Plaintiff does not state any valid claim under ERISA against Hasbro. Because of this,
ERISA’s nationwide service of process provision is inapplicable and cannot serve as a basis for an
alternate personal jurisdiction analysis under the Fifth Amendment in lieu of the Fourteenth
Amendment. Accordingly, it is
ORDERED:
1.
Hasbro, Inc.’s Dispositive Motion to Dismiss Plaintiff’s Amended Complaint (Doc.

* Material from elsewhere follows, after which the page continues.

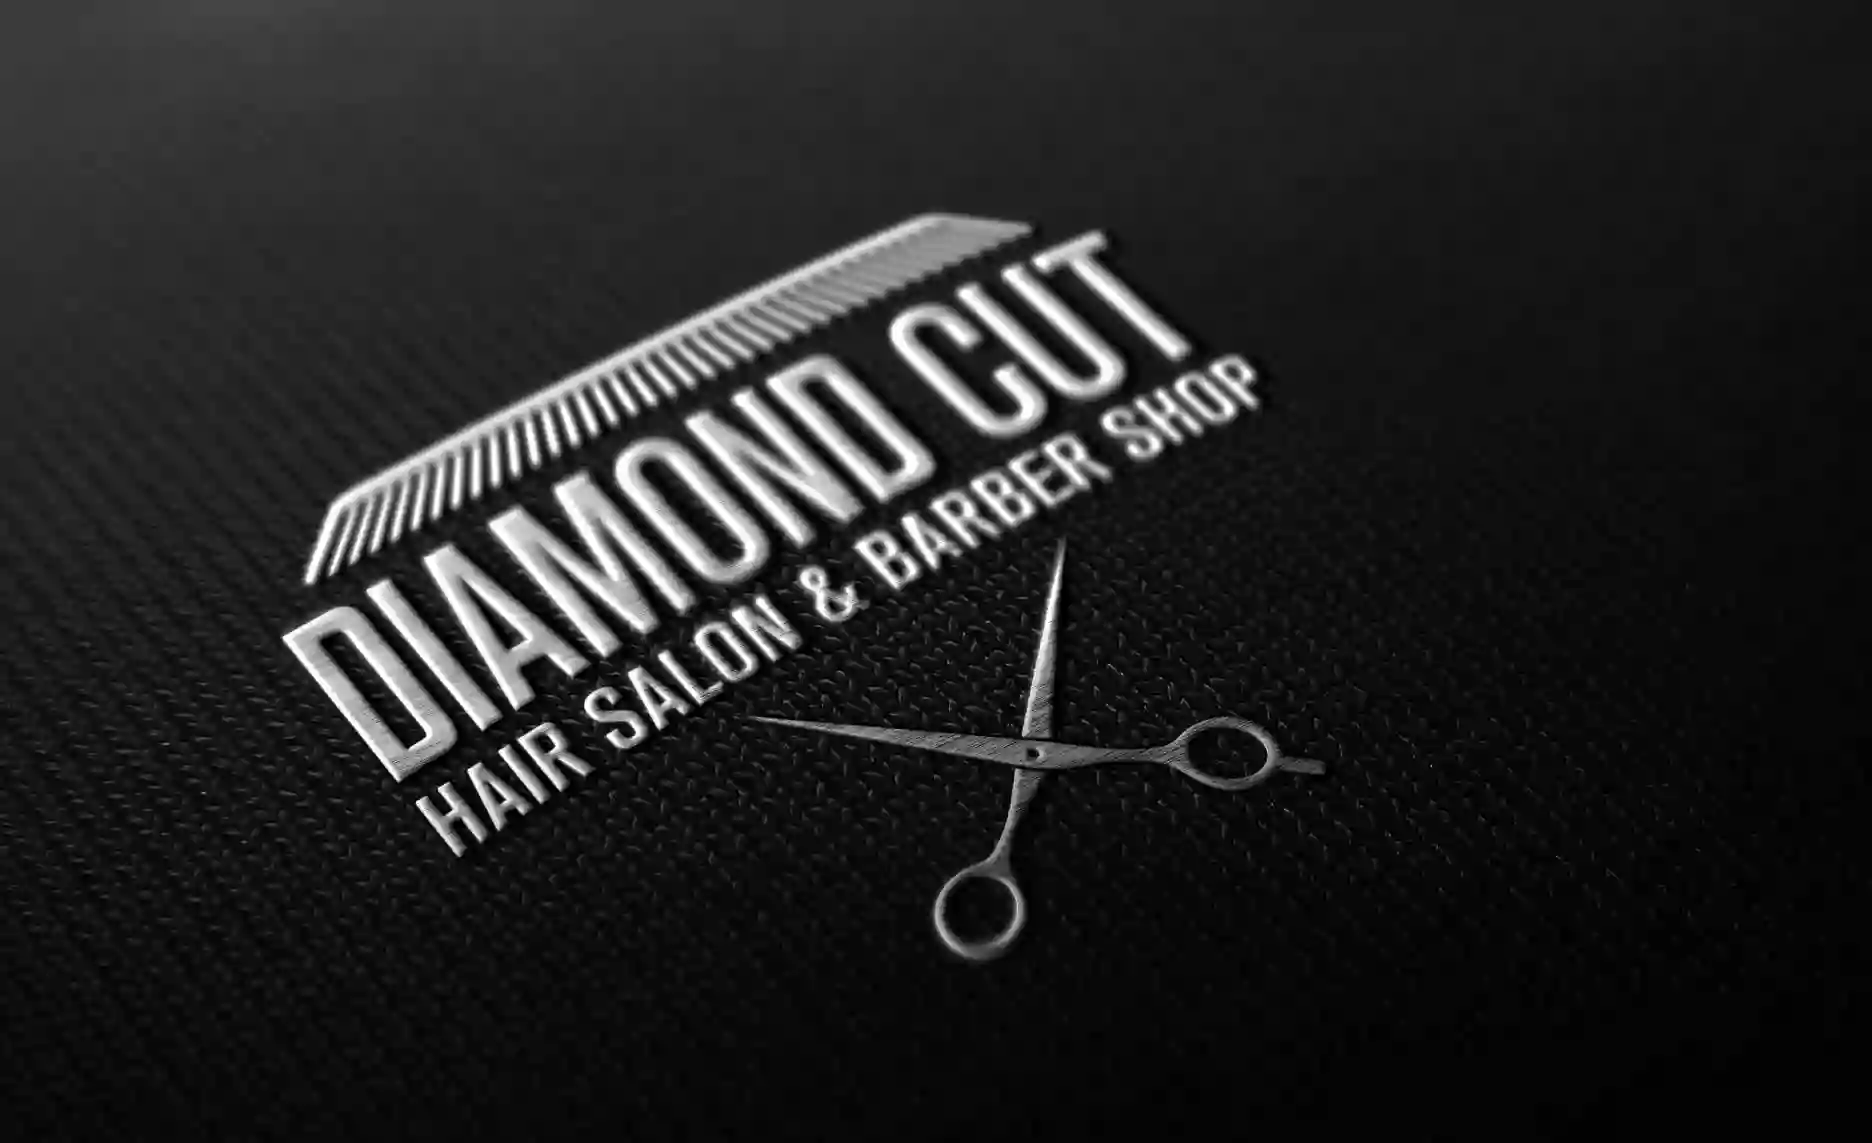 DIAMOND CUT - Friseur in Baunatal / Kassel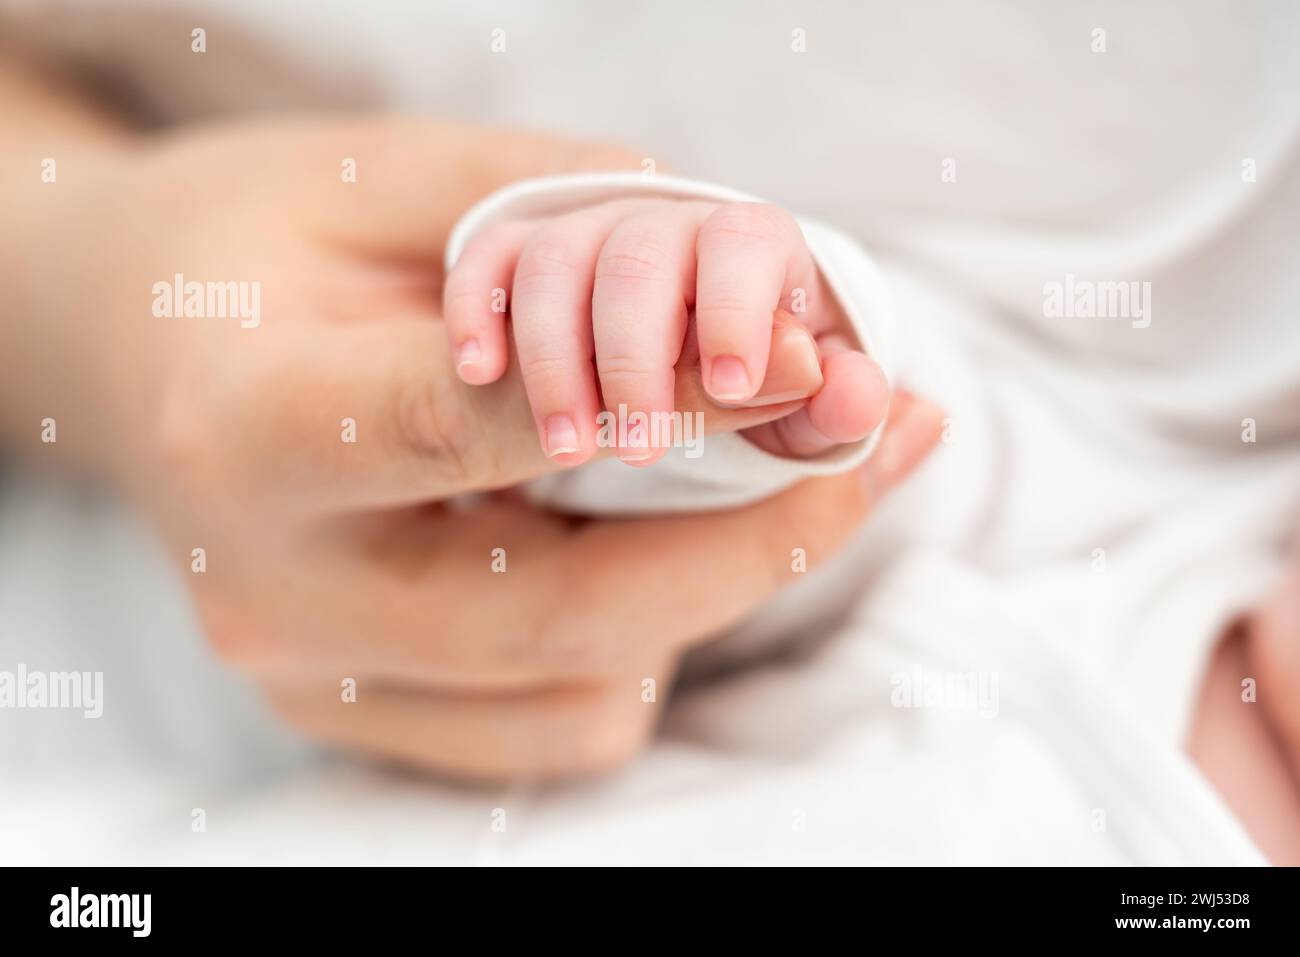 Das sanfte Greifen des Neugeborenen am Finger der Mutter ruft Emotionen hervor. Konzept mütterlicher Verbundenheit und Vertrauen Stockfoto

22) is GRANTED because Plaintiff did not allege facts sufficient to establish a prima facie case
of personal jurisdiction over Hasbro.
2.
Given Plaintiff’s pro se status, the Court will give Plaintiff one final opportunity to
amend her complaint. 4 Plaintiff shall have FOURTEEN (14) DAYS from the date of this Order
to file a Second Amended Complaint, which cures the deficiencies addressed in this Order. Failure
to file a Second Amended Complaint within the time provided will result in dismissal of this action
without further notice.
DONE AND ORDERED in Tampa, Florida on May 22, 2019.
Copies to:
Counsel of Record and Unrepresented Parties, if any
4
Although Plaintiff filed an amended complaint on September 17, 2018 (Doc. 17), she did so
without the benefit of an Order from the Court addressing Hasbro’s first motion to dismiss.